Розенфельд вышел на улицу Вильяма, вдоль которой под разными углами располагались коттеджи, домики, здания. Возможно, он уже был здесь вчера вечером, но место не узнавал, ноги сами привели его к трехэтажному дому постройки начала прошлого века - покатая, крытая красным шифером, крыша, традиционные три колонны под портиком у входа.

Розенфельд услышал знакомый голос и обернулся.

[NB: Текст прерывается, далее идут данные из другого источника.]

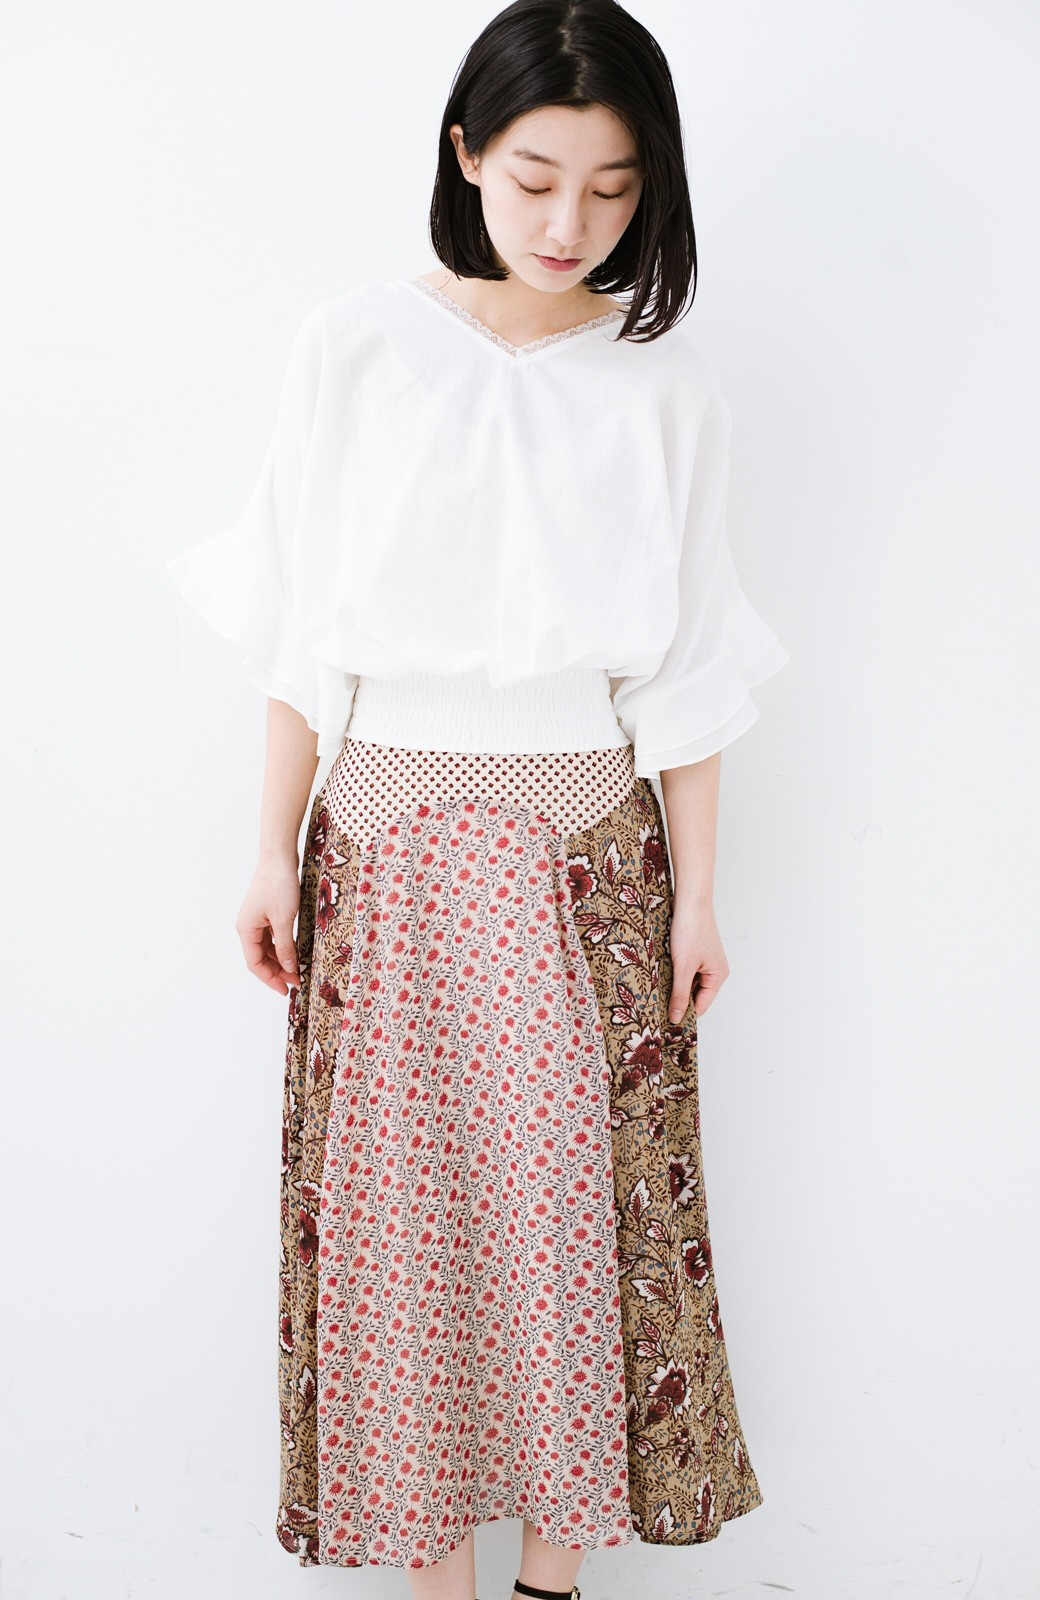 haco! 【洗濯機洗いOK】シンプルなトップスに合わせるだけでかわいくなれる MIX柄スカート <ベージュ系その他>の商品写真13

Мисс Бохен вышла из правой аллеи. Позвала она его? Он усомнился - губы ее были плотно сжаты.

Он шагнул к ней - на языке вертелись банальные слова о хорошем дне и прекрасной погоде - и сказал, не думая:

- Я хотел вас видеть!

Она пошла за ним глубину аллеи, где стояла деревянная скамейка с удобной гнутой спинкой. Когда они сели, багровый широкий лист спланировал на колени мисс Бохен, она осторожно взяла его в руку - на листе сохранились две крупные капли вчерашнего дождя, и в них отразилось то ли солнце, то ли взгляд, то ли что-то, пока не сказанное и невыразимое.

Дженнифер закрыла глаза и подставила лицо солнцу, всплывшему над вершинами деревьев, как золотой шар из морской бездны.

- Мисс Бохен, - произнес Розенфельд, коснувшись, как вчера вечером, ее ладони, лежавшей на коленях, - расскажите о нем еще. Кроме работы и вас, у него в этом мире не было ничего, так ведь?

- Да, - сказала она. - Джерри был не таким, как все.